NEW DELHI (Reuters) – India's homeware sellers have threatened to cut supplies to mom and pop stores if consumer companies sell Reliance Industries products at lower prices, a letter viewed by Reuters said.

Reuters reported last month Indian sellers representing companies like Reckitt Benckiser, Unilever (NYSE 🙂 and Colgate-Palmolive (NYSE 🙂 said their sales had declined 20-25% over the last year as mom and pop stores increased Forging partnerships The trust of Indian billionaire Mukesh Ambani.

Ambani's heavily discounted deals prompted more stores to order digitally through its JioMart partner app and posed an existential threat to more than 450,000 corporate sellers who for decades served every corner of the vast country, going from store to store, to take orders.

Citing Reuters' story, the All India Consumer Products Distributors Federation – which has 400,000 members – has written to consumer companies demanding a level playing field, saying they must get products at the same prices as other large corporate distributors like Reliance.

If the demand for price parity is not met, the group said in its letter, its sellers will stop selling products to mom and pop stores and will also stop shipping newly introduced consumer goods if those partnerships persist beyond Jan. 1.

"We have built a reputation and goodwill among our retailers by providing them with good service for many years … We have chosen to call it a 'non-cooperation' movement," said it in the letter.

The group's president, Dhairyashil Patil, said the letter had been sent to Reckitt, Hindustan Unilever, Colgate and 20 other consumer goods companies.

None of the three consumer companies and Reliance responded to requests for comment.

Corner shops, or "kiranas", make up 80% of a nearly $ 900 billion retail market in India.
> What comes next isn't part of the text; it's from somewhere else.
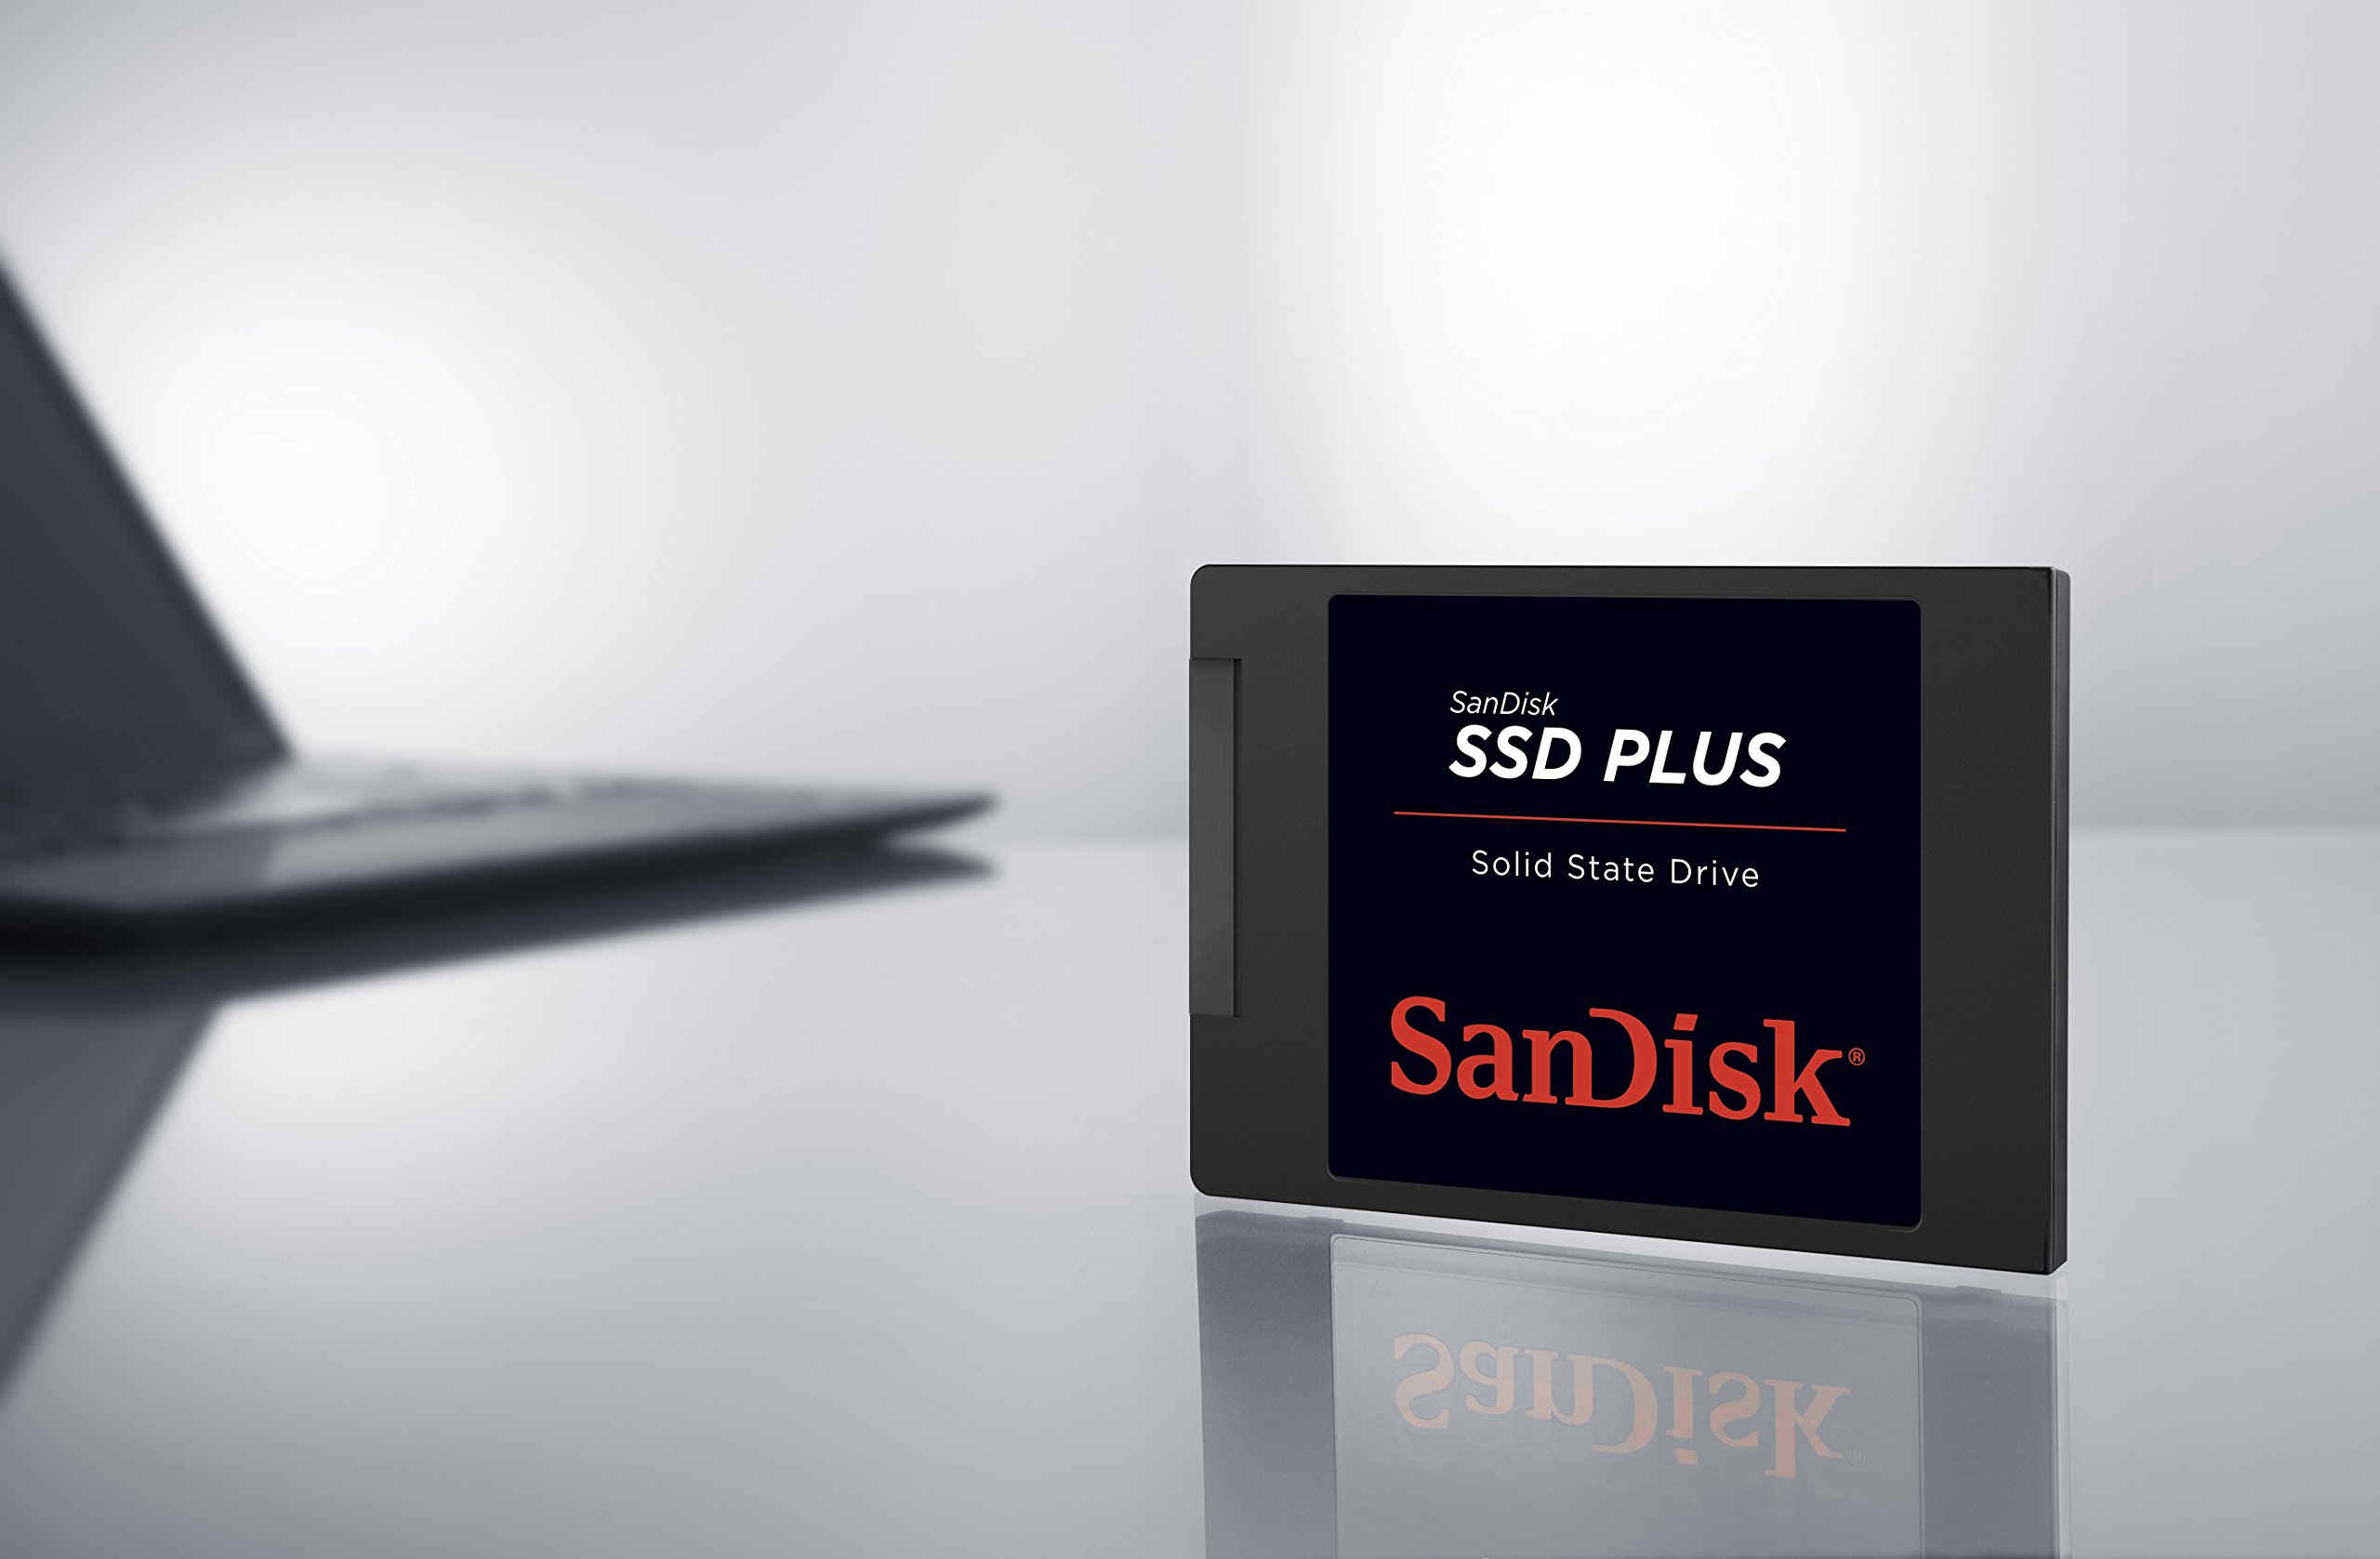 SanDisk SSD PLUS 1TB Internal SSD - SATA III 6 Gb/s, 2.5

About 300,000 such stores in 150 cities order goods from Reliance, with the company aiming for 10 million partner stores by 2024.

Traditional dealers have told Reuters that they have been forced to cut fleet and staff as their business has suffered from being unable to match Reliance's prices.

Jefferies (NYSE 🙂 estimated in March that Kiranas would steadily increase Reliance's “sourcing share” “at the expense of traditional dealers”. Such sales for Reliance could grow to $ 10.4 billion by 2025, from just $ 200 million in 2021-22, Jefferies estimates.